* [Requirement] The reply should reproduce every line of the data below word for word, minus any images.

* [Information shown]

***

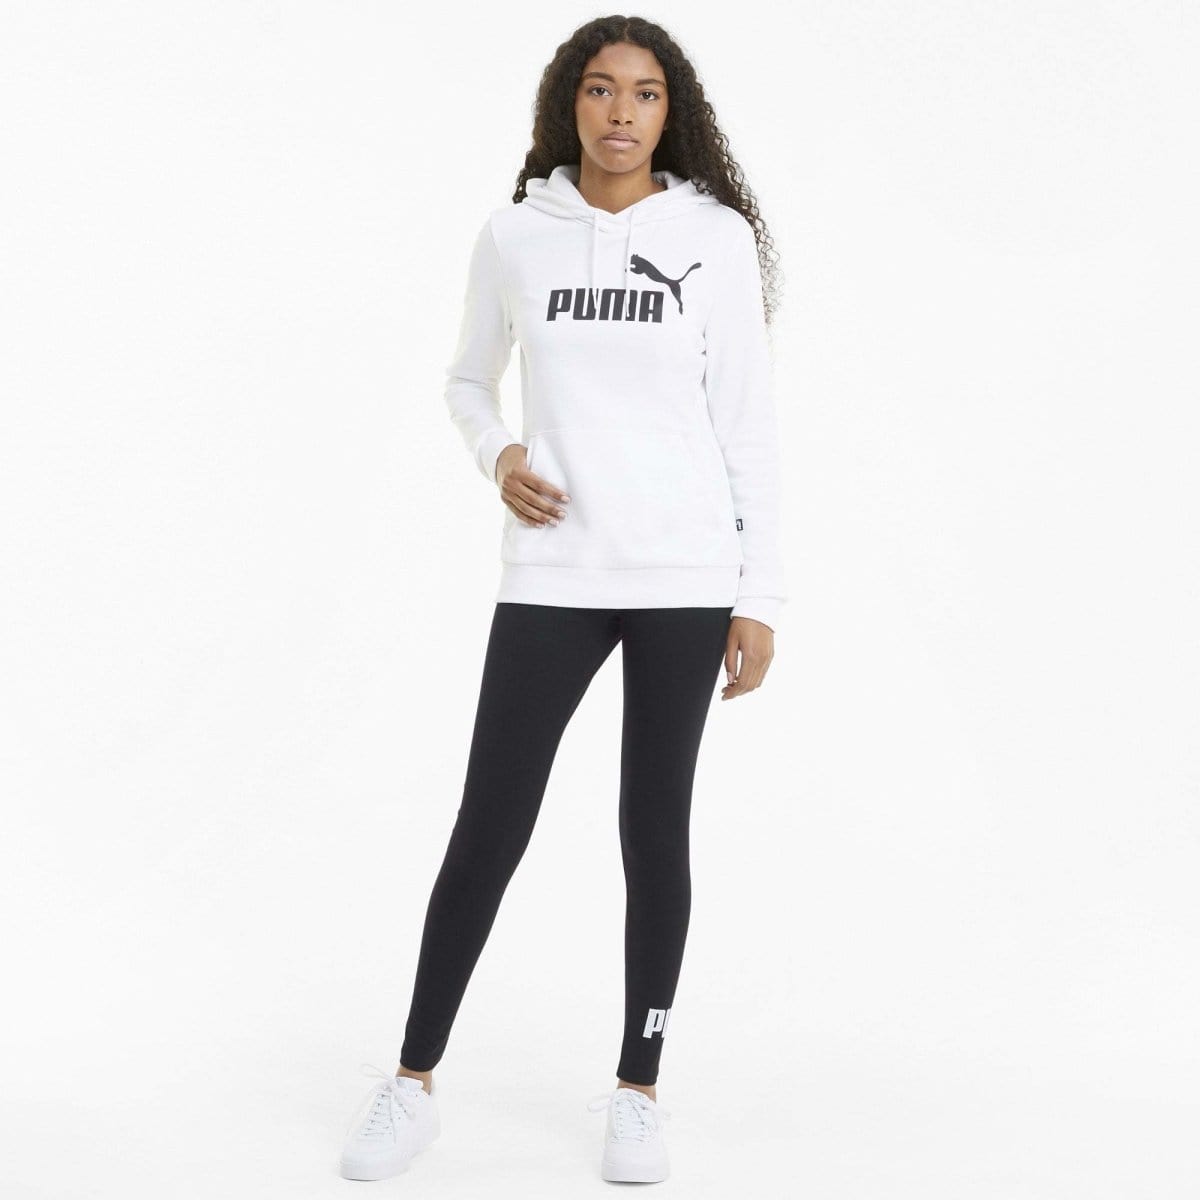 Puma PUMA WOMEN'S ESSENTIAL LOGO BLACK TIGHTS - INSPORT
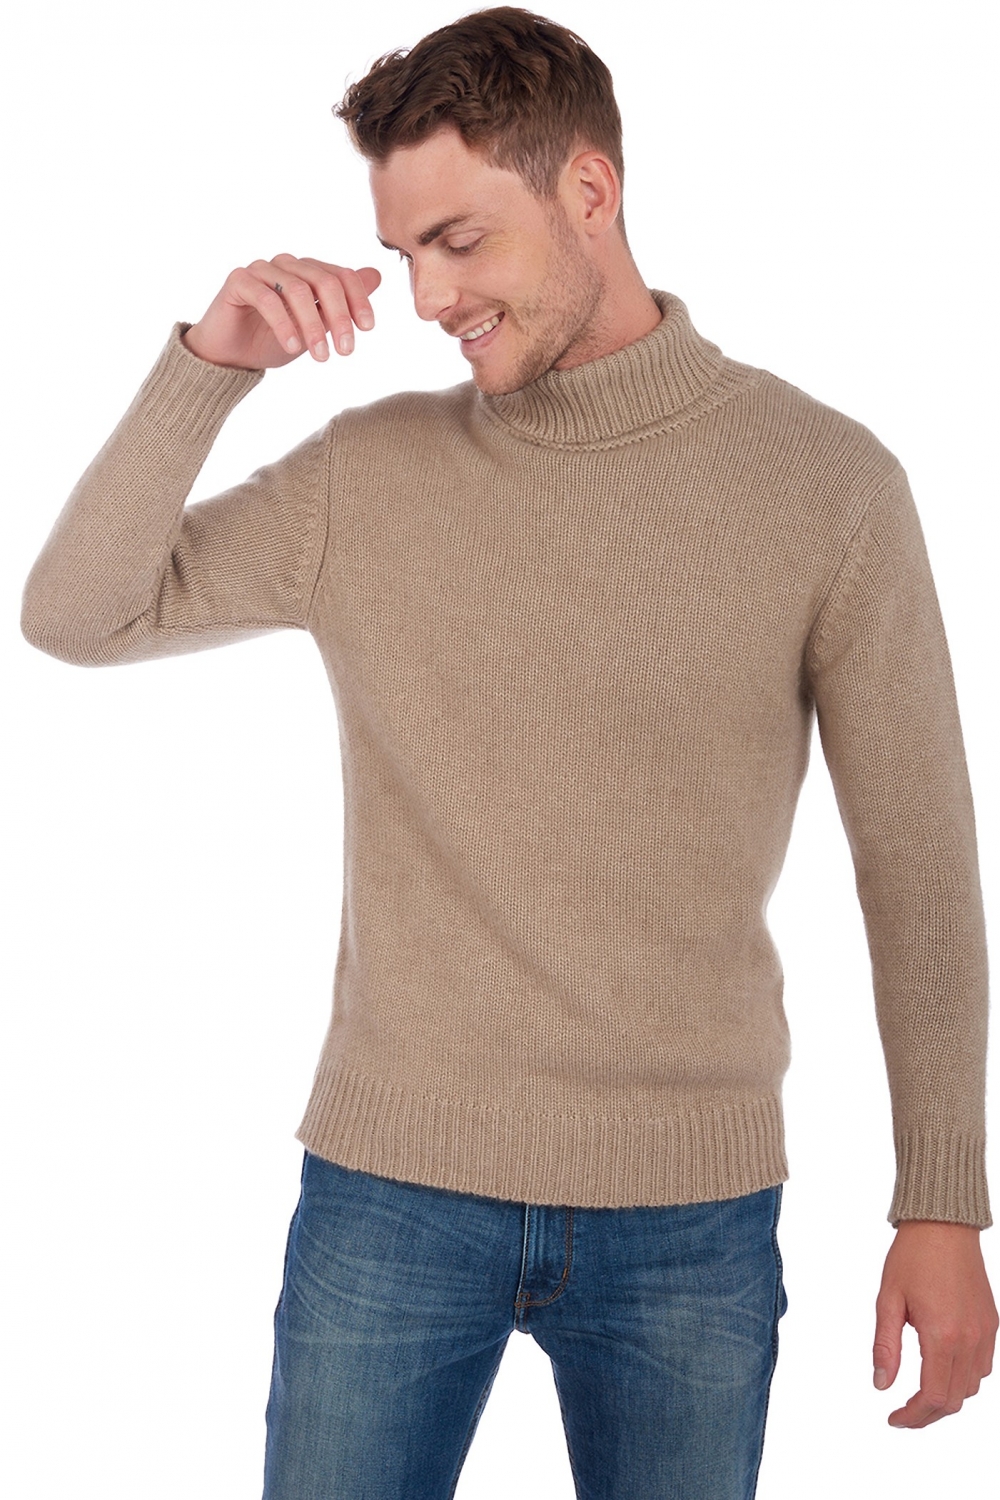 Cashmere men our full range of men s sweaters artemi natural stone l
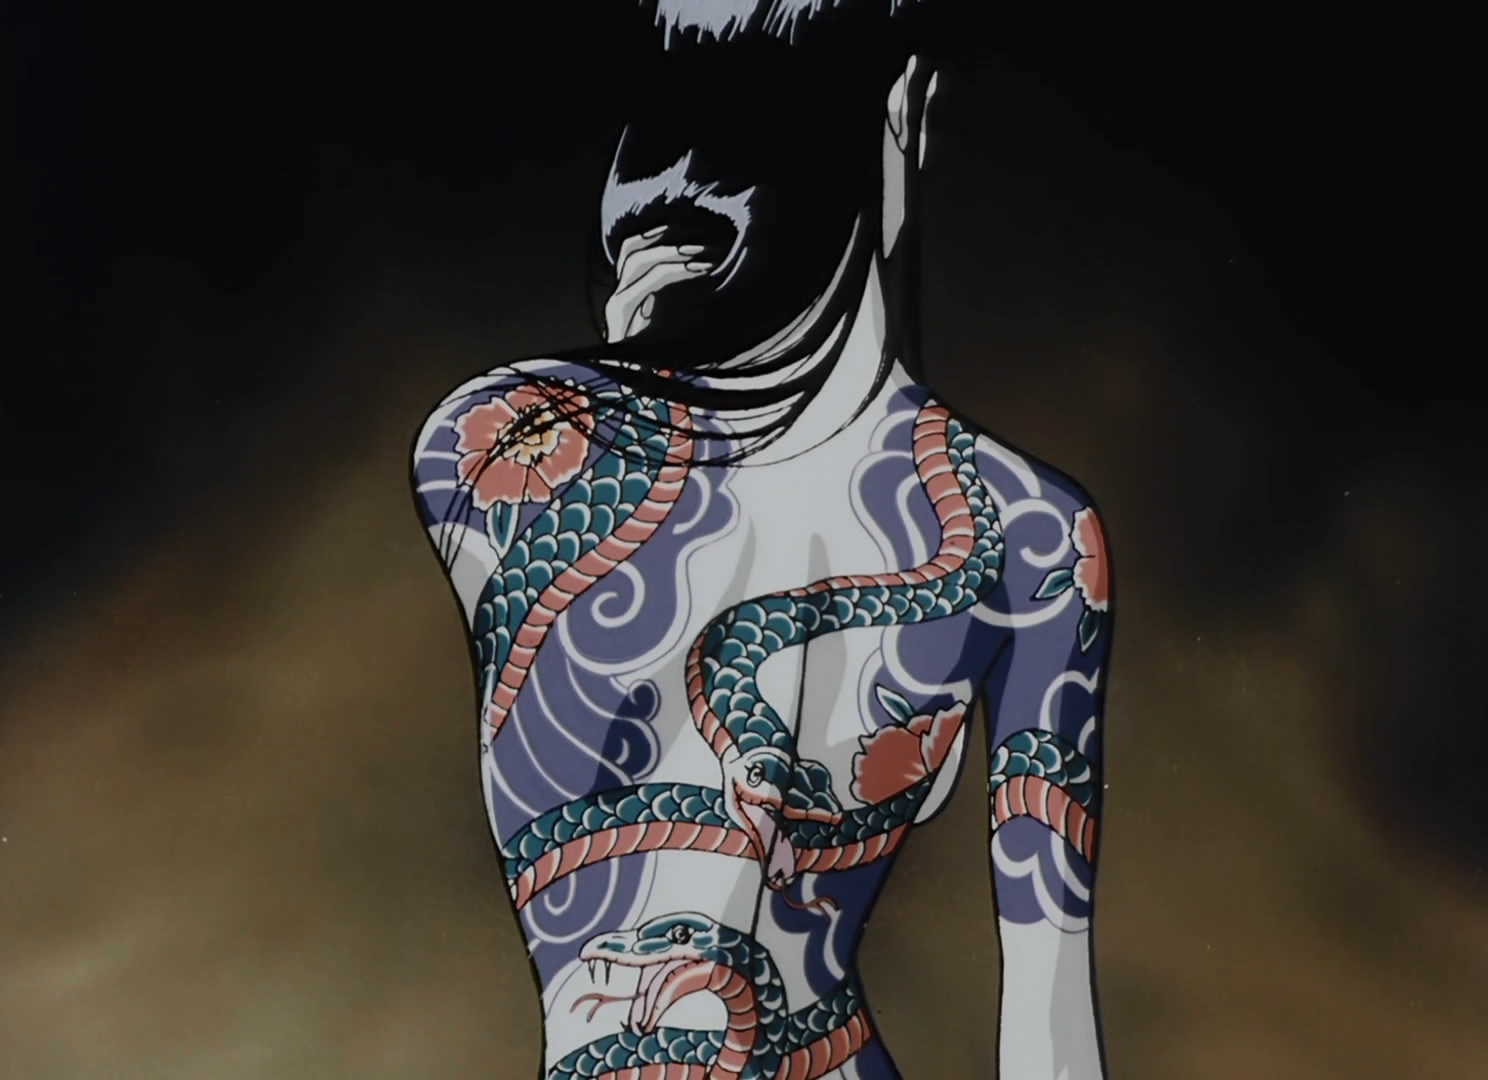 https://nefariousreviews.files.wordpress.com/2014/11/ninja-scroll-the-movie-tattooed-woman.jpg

***

* [Written answer]
 Puma PUMA WOMEN'S ESSENTIAL LOGO BLACK TIGHTS - INSPORT
 Cashmere men our full range of men s sweaters artemi natural stone l
 https://nefariousreviews.files.wordpress.com/2014/11/ninja-scroll-the-movie-tattooed-woman.jpg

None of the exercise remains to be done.